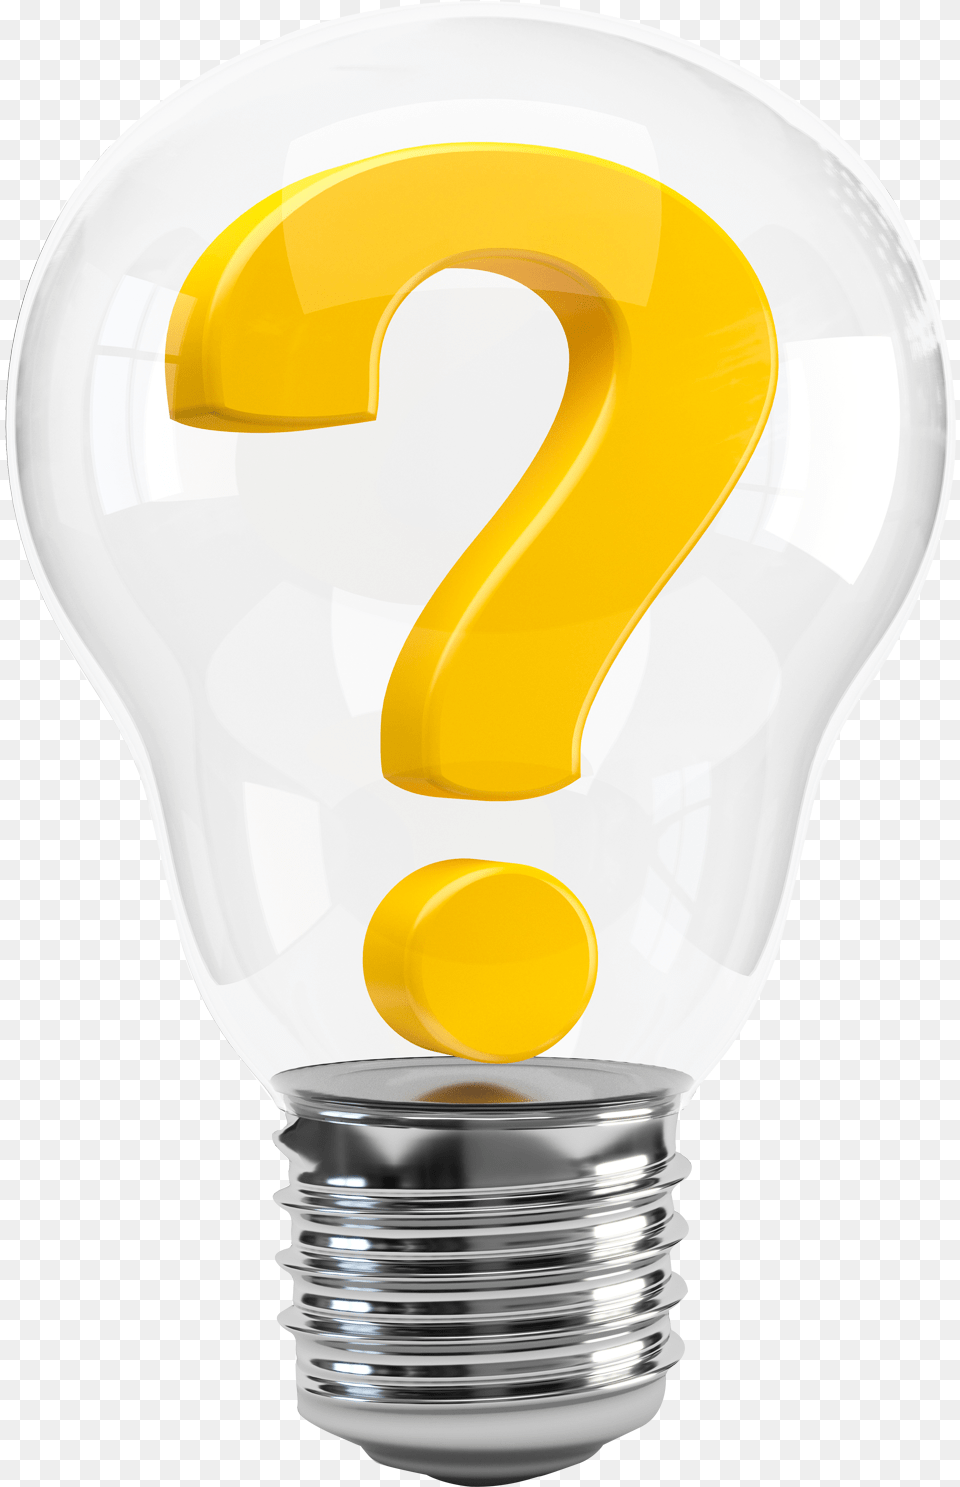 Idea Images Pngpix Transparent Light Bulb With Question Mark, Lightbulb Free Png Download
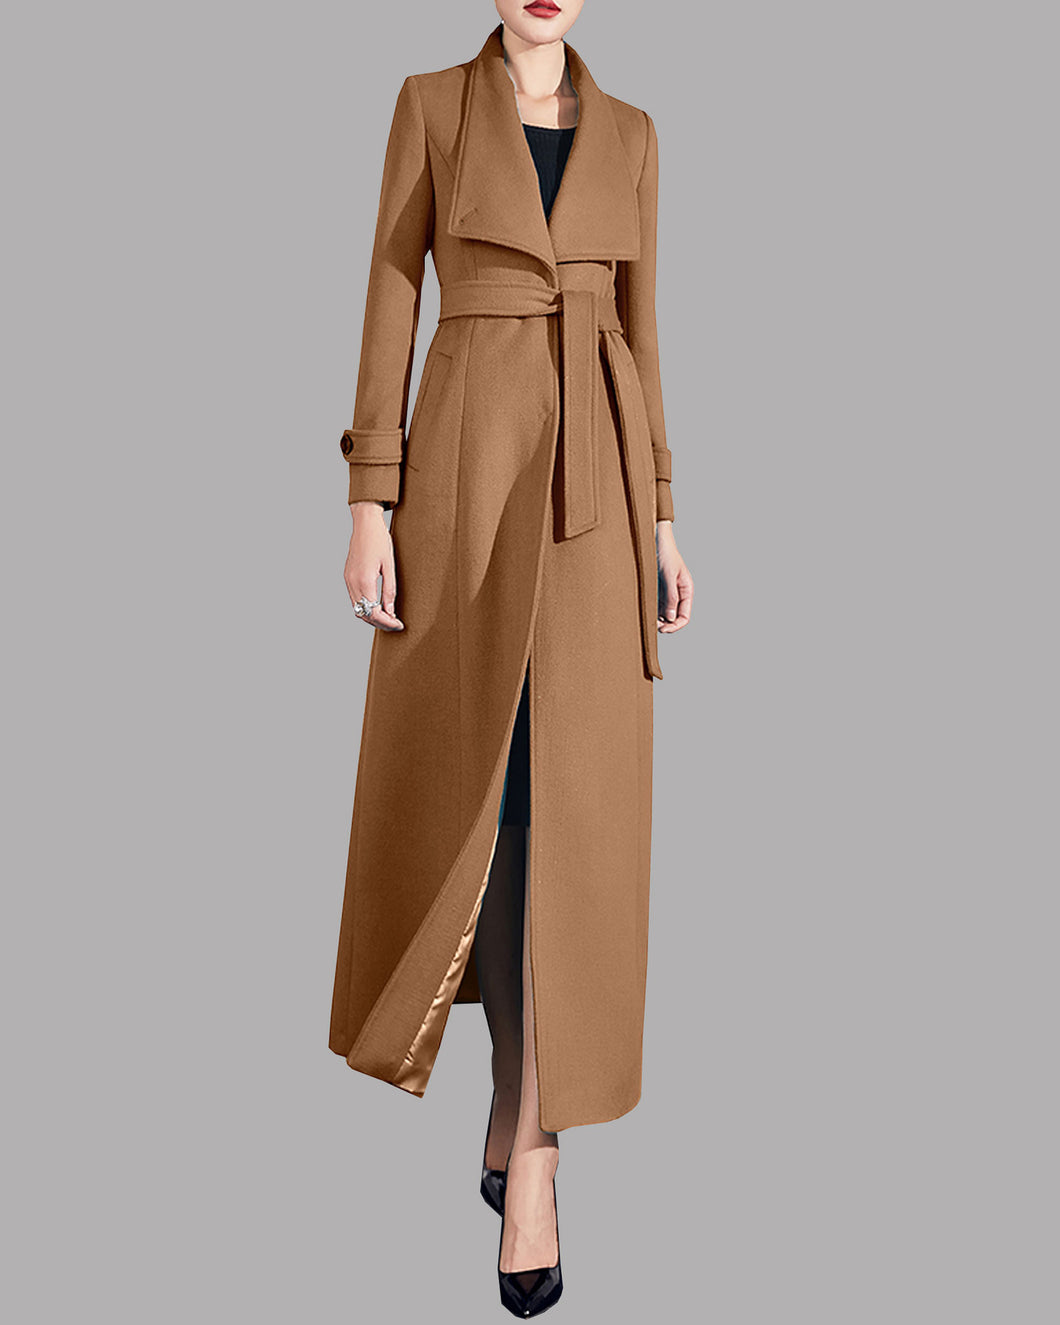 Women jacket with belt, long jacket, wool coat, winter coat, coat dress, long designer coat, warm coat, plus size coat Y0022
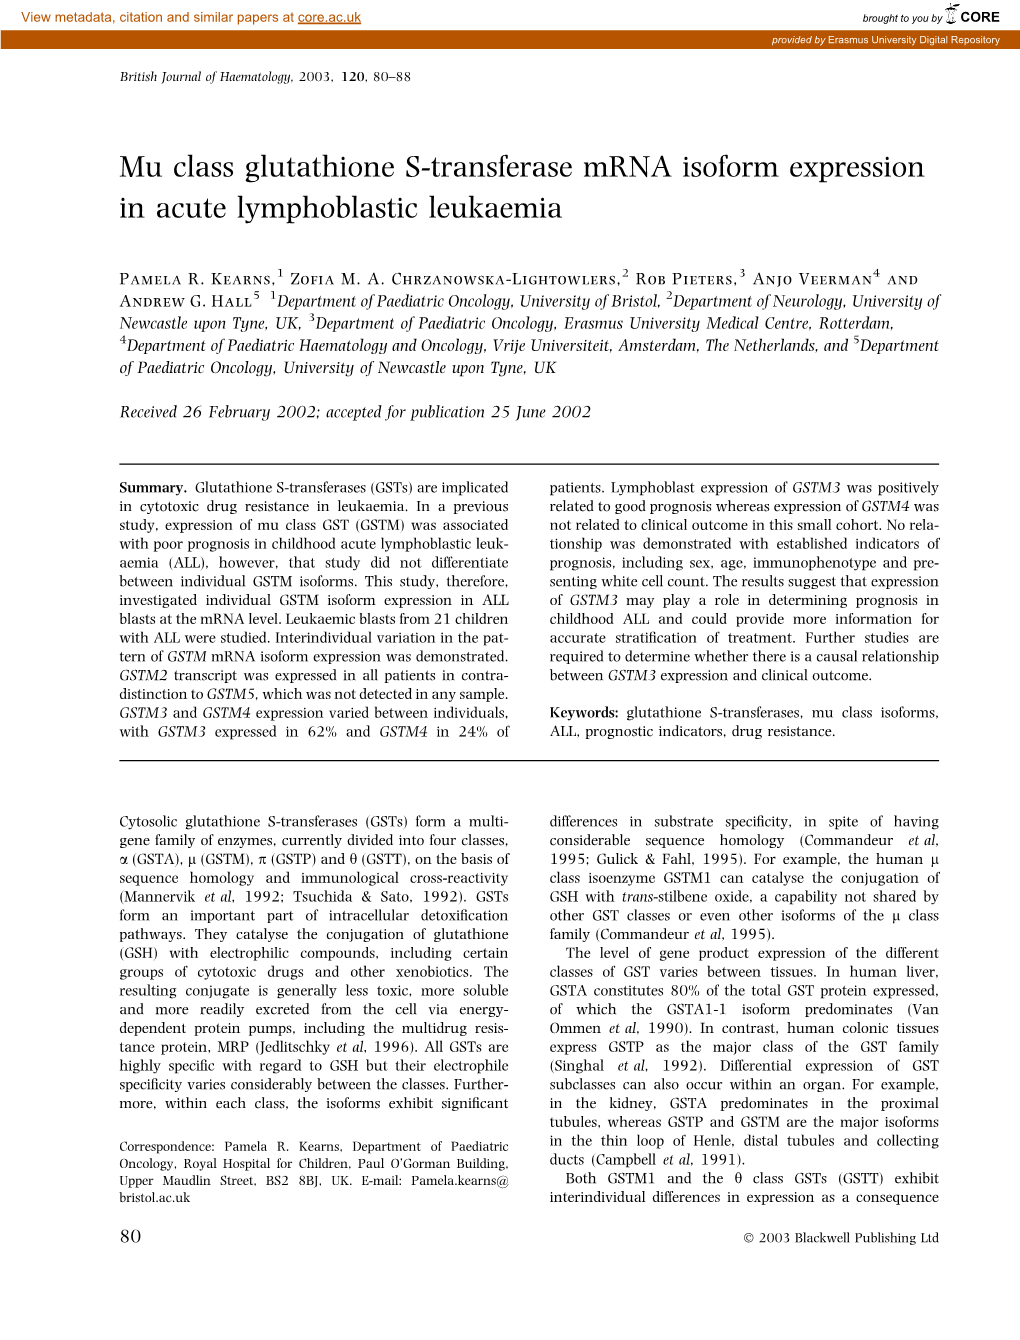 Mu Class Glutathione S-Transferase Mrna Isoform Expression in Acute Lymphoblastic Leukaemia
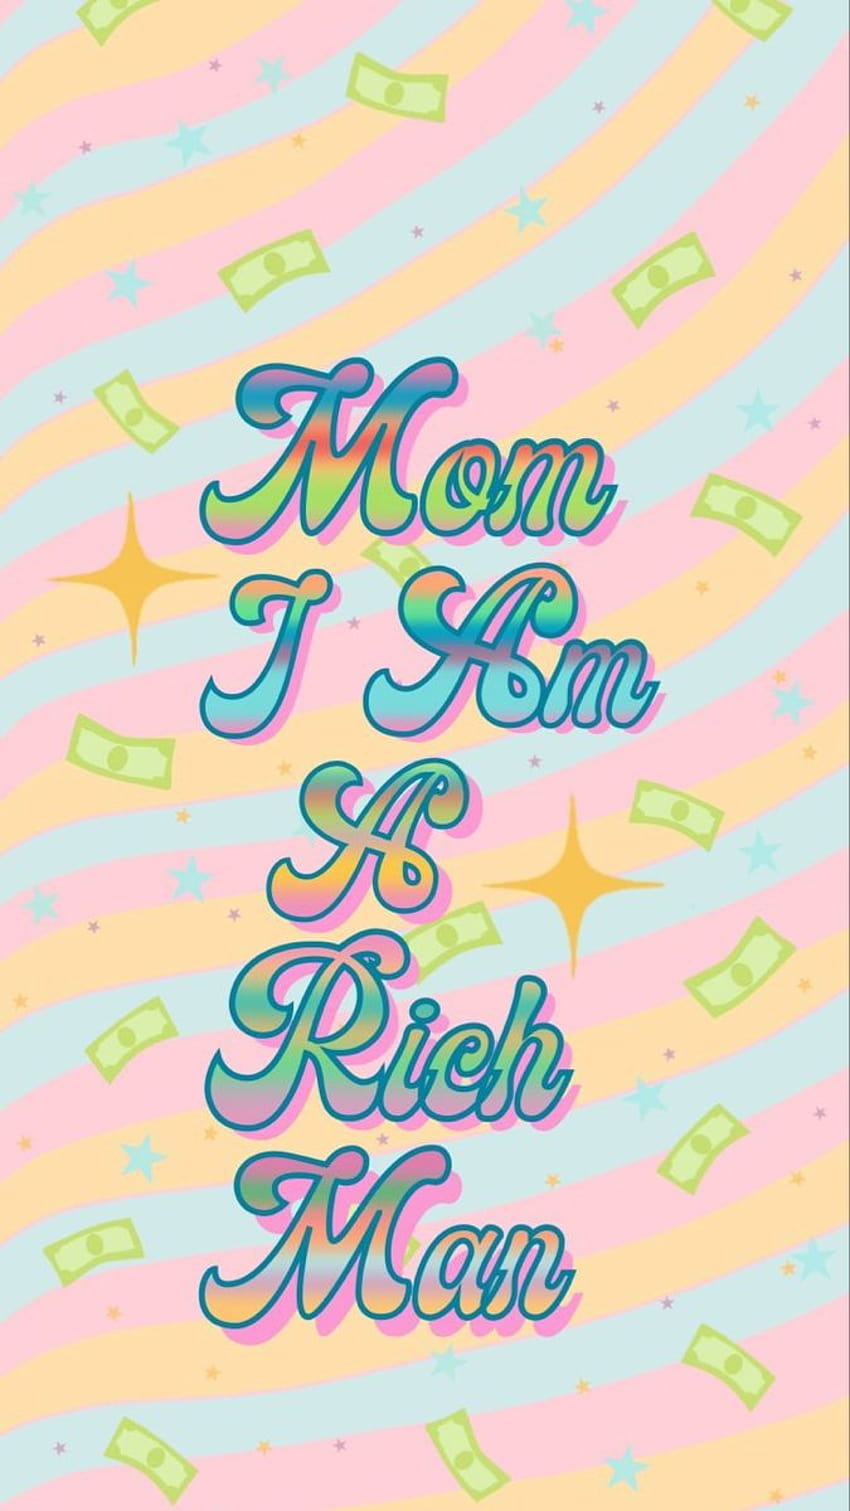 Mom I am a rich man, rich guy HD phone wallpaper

· · ·

» About this task: Pictures stay out; reproduce exactly the lines from the one containing "Women jacket with" through the end of the data.

» Exercise output:
 Women jacket with belt, long jacket, wool coat, winter coat, coat dress, long designer coat, warm coat, plus size coat Y0022
 Mu Class Glutathione S-Transferase Mrna Isoform Expression in Acute Lymphoblastic Leukaemia
 Mom I am a rich man, rich guy HD phone wallpaper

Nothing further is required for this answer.